Бордер-колли Бену было четыре года. Он перепрыгнул через забор в погоне за кроликом, его задняя лапа застряла в проволочном ограждении, и он вывихнул бедро. Все симптомы были налицо, точнее, явно видны по ноге – я уже с таким раньше сталкивался. Мы сделали Бену рентген, на котором вывих бедра был очевиден, что подтвердило мой предварительный диагноз. Сделать рентгеновские снимки – само по себе целое мучение. Я тогда практиковал в сельской ветлечебнице в Уэльсе, работал на пожилого владельца, который через несколько недель должен был уйти на пенсию, на покой. Так что можете себе представить, какой недосягаемой роскошью считались цифровые снимки? Даже автоматическая машина для проявки снимков была слишком дорогим удовольствием для Алана, владельца и главврача ветлечебницы в одном лице. У нас также не было ни комнаты для проявки пленки, ни центрального отопления, ни крепкой крыши, которая не протекала бы в разных местах. Конечно, мир давно уже изобрел все эти удобства, но до его лечебницы такие блага цивилизации не дошли.
А потому проявку рентгеновских снимков делали следующим образом.

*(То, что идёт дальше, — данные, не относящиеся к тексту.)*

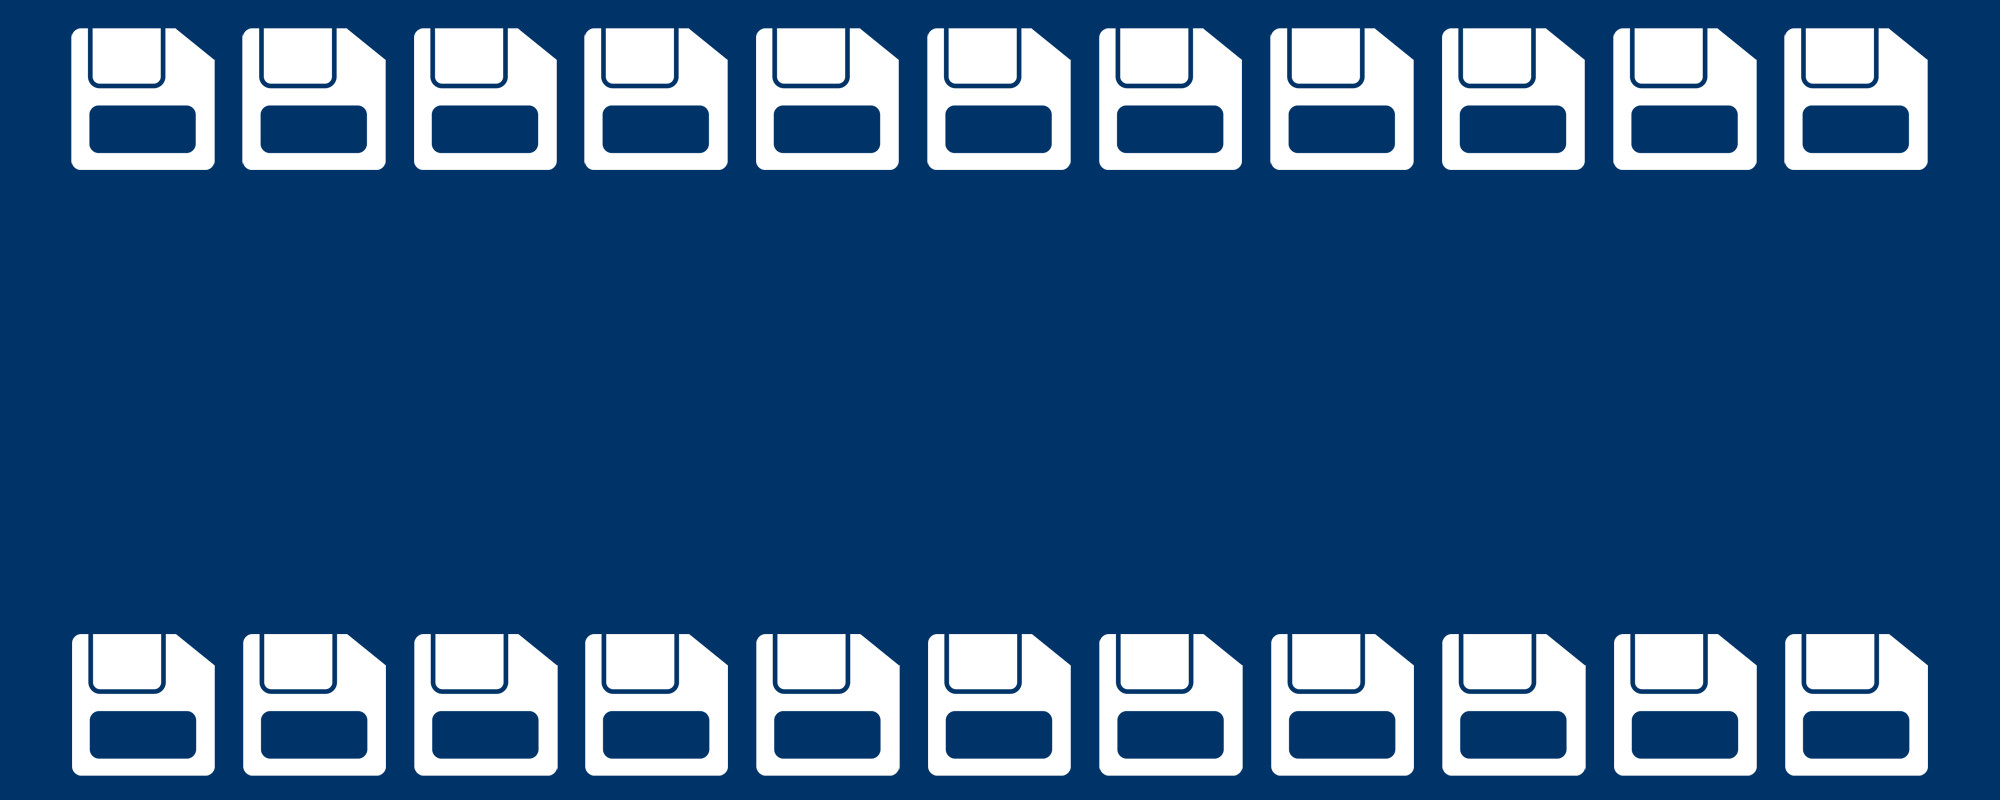 Illustration of floppy disks repeating in a line on the top and bottom of the image

1. Один врач забирается в шкаф, что под лестницей, с тремя кошачьими лотками. В одном проявитель, в другом вода, в третьем фиксатор. Забыл сказать, что предварительно из лотков надо было удалить все продукты кошачьей жизнедеятельности. Шкаф плотно закрывался изнутри с тем, чтобы обеспечить полную темноту. Все манипуляции внутри производятся исключительно на ощупь и по наитию.

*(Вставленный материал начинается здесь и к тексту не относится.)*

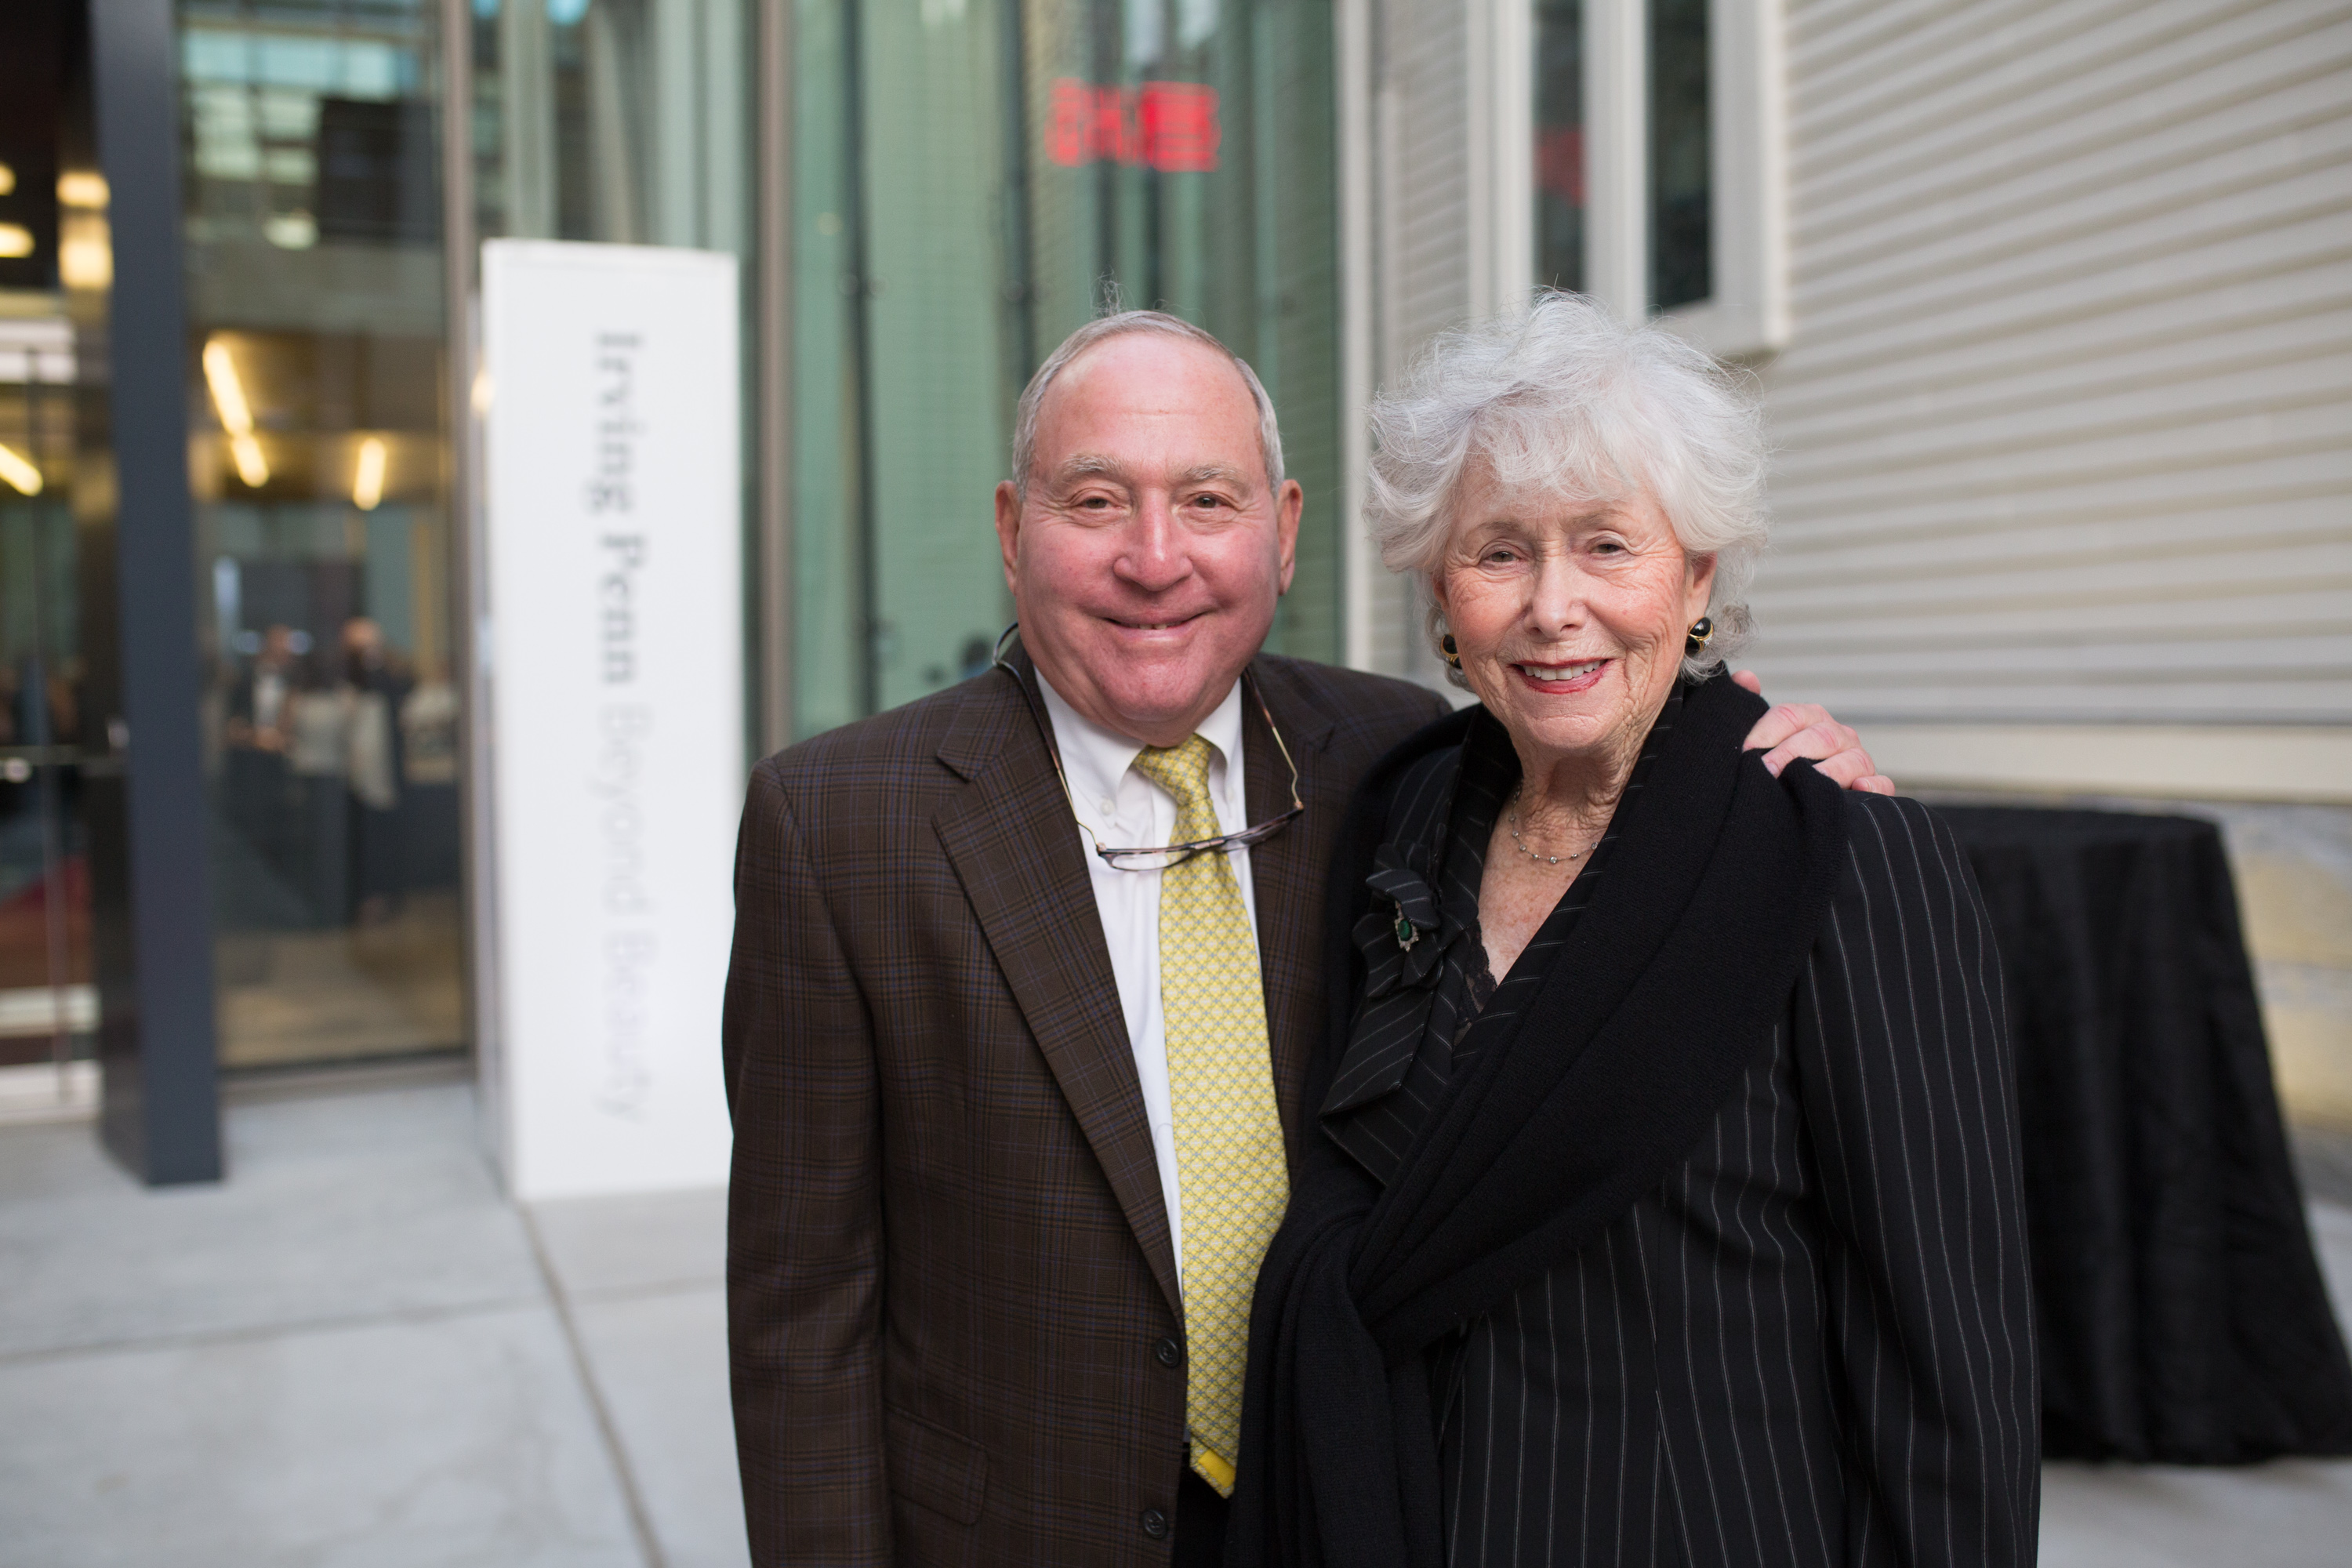 Peter and Paula Lunder pose in front of the Lunder Arts Center

2. Второй ветврач сидит снаружи в коридоре. В его работу входит придерживать ногой дверь шкафа, чтобы она не открывалась, при этом он упирается спиной в противоположную стену для дополнительного упора. Так он не дает лучам света проникнуть внутрь шкафа, иначе чувствительные рентгеновские пленки засветятся. Вторая его задача – запускать секундомер и командовать врачу в шкафу, когда опускать и вынимать снимки из лотков.
3. По команде второго врача с секундомером врач в шкафу должен опускать снимки по очереди в каждую из жидкостей и промывать в воде по мере необходимости.
Как только пленку проявили и зафиксировали, с ней можно работать. Сочетание антикварного оборудования и рудиментарных техник в большинстве случаев выливалось в плохого качества снимки. То есть вы смотрите на снимок и понимаете, что на нем «ни хрена не видно», а потому снова и снова начинаете все сначала… Однако после второй попытки снимки у нас получились, и на них мы увидели то, что нам было нужно.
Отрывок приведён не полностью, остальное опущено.